Master Plans for Tourism Growth

Jammu and Kashmir is, by any measure, one of the most naturally endowed regions on earth. From the snow-capped peaks of Gurez to the shimmering twin Ramsar lakes of Mansar and Surinsar, and from the sacred shrines drawing millions of pilgrims annually to the unexplored wilds of Kishtwar and Rajouri, the Union Territory holds within its boundaries a tourism treasure that most destinations can only dream of. Yet, year after year, this extraordinary potential is held hostage by a single, fundamental failing: the absence of Master Plans for its Tourism Development Authorities. It is a structural paralysis that is costing Jammu and Kashmir its economic future.

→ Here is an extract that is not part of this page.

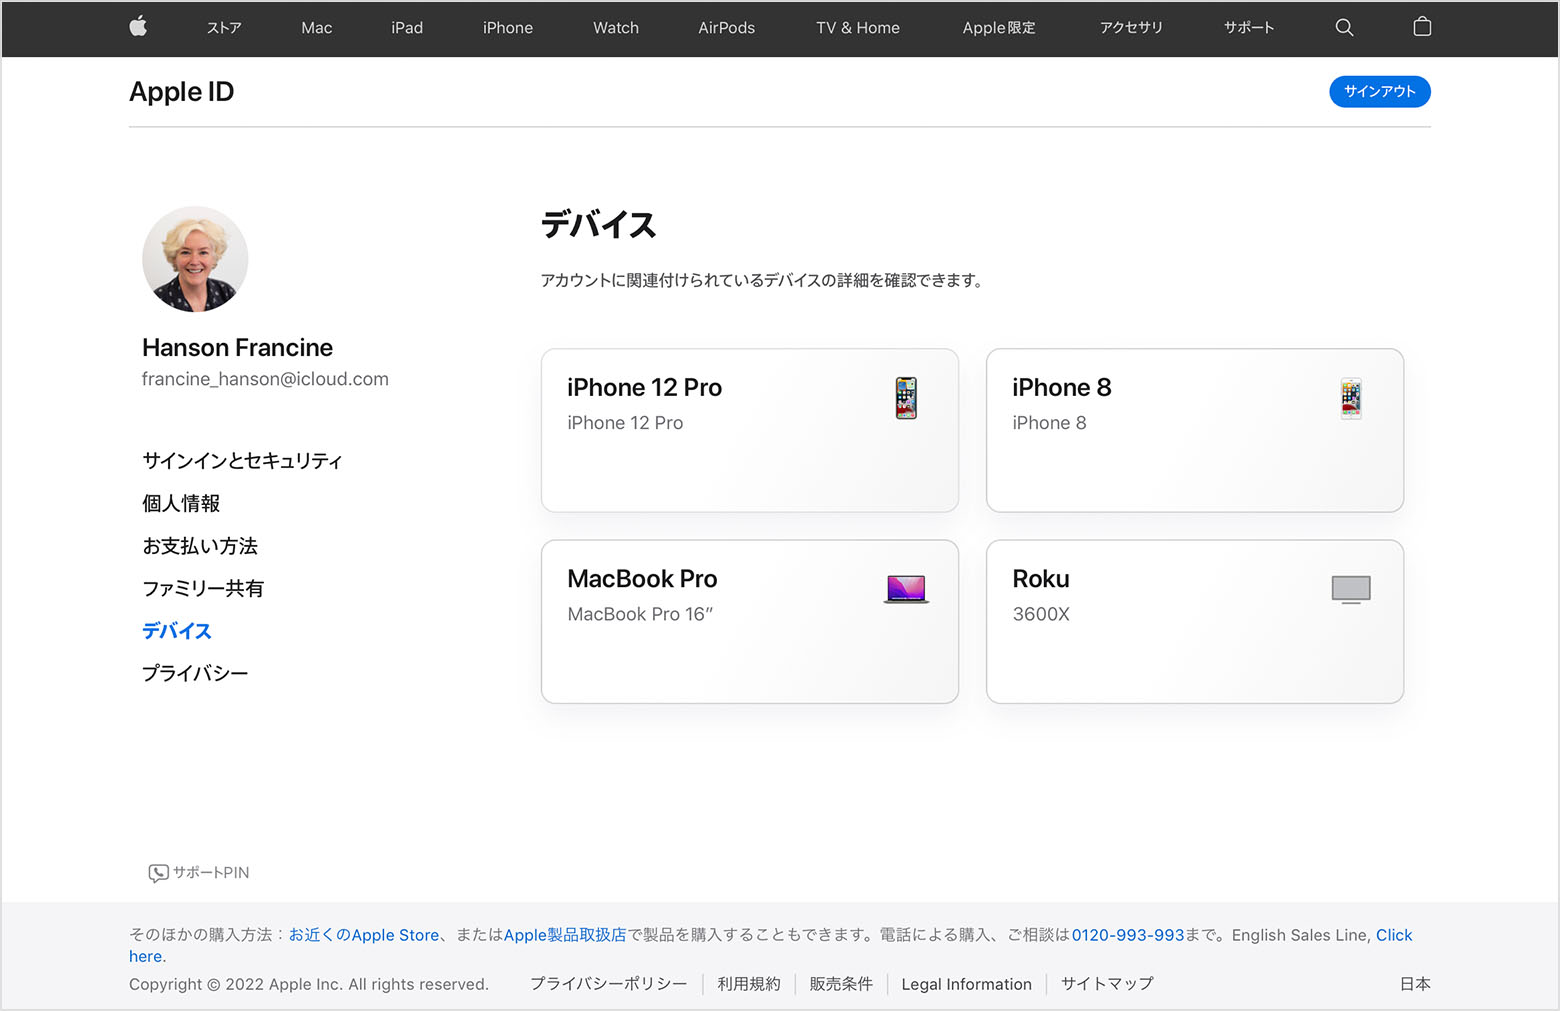 appleid.apple.com の図。Francine Hanson の 3 台のデバイス、iPhone 12 Pro、MacBook Pro、Roku が表示されています。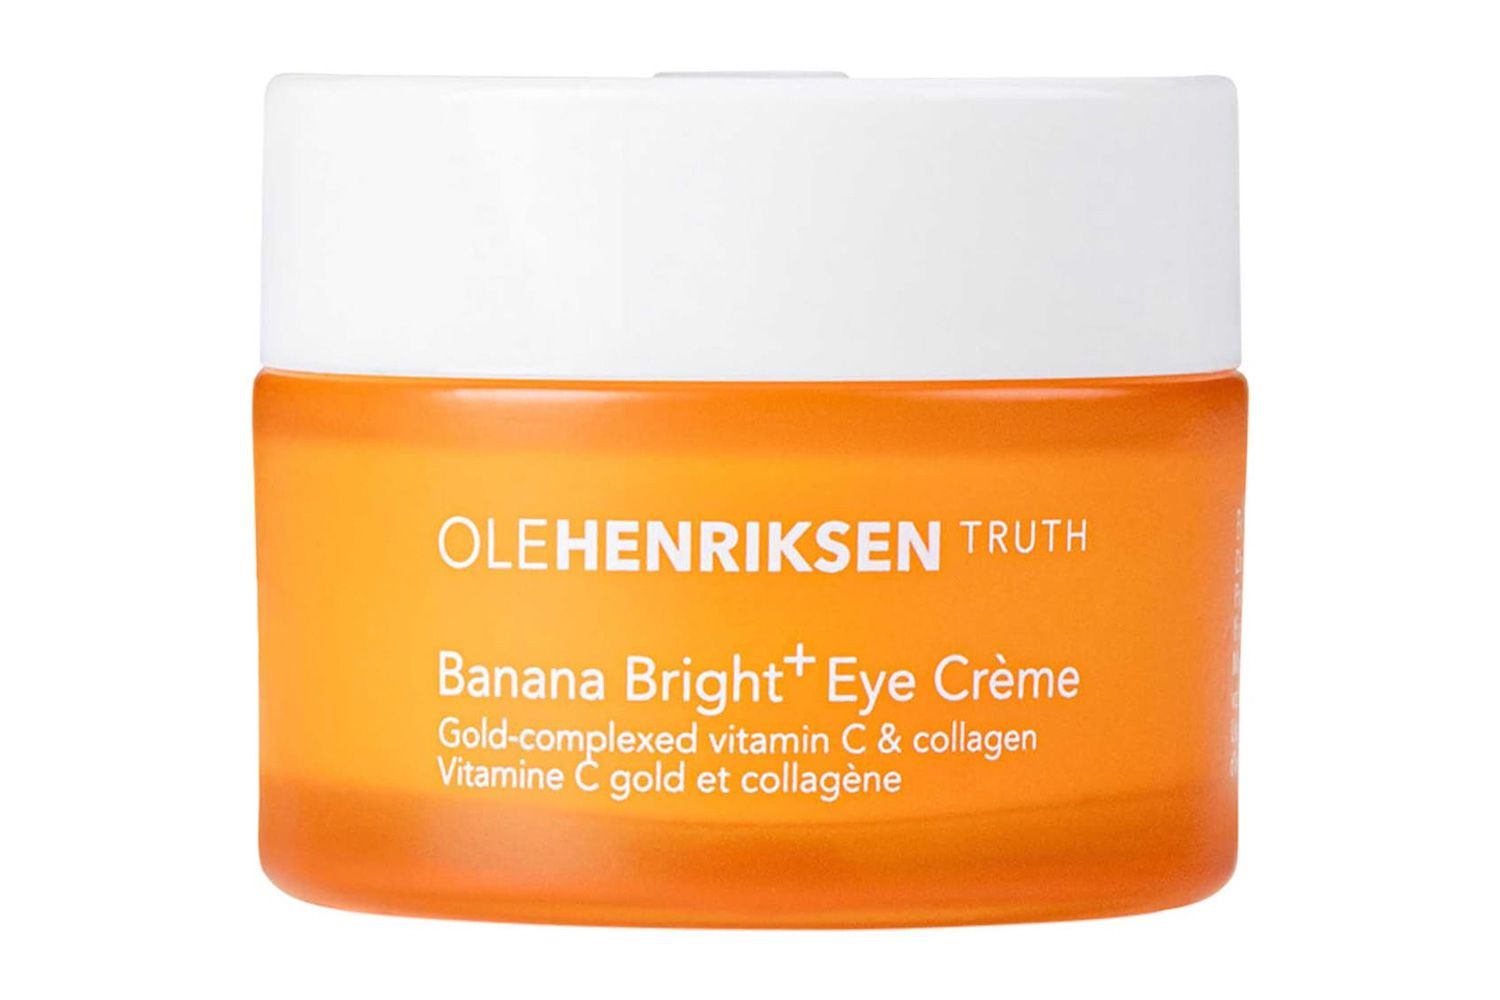 Sephora Ole Henriksen Banana Bright+ Vitamin C Eye Creme

A Master Plan is not paperwork. It is the architectural blueprint upon which every credible act of development rests. It determines land use, delineates eco-sensitive boundaries, assesses carrying capacity, plans infrastructure corridors, regulates private construction, and provides the regulatory certainty that investors, developers and Central Government agencies require before committing resources. Without it, a tourism destination is, in planning terms, just a blank space – however beautiful it may be in nature.
The consequences in J&K are entirely predictable and have been playing out for years. Central Government schemes – several carrying substantial funding allocations specifically designed to develop tourism infrastructure – remain inaccessible because Master Plans are the baseline eligibility condition. Projects are announced with fanfare, and then quietly surrendered at the year’s end because the foundational document needed to deploy them simply does not exist. Tourism Development Authorities across the region have been trapped in precisely this absurd cycle: budgets lapse, central schemes pass them by, and the destinations they oversee limp along with ageing infrastructure and no long-term vision.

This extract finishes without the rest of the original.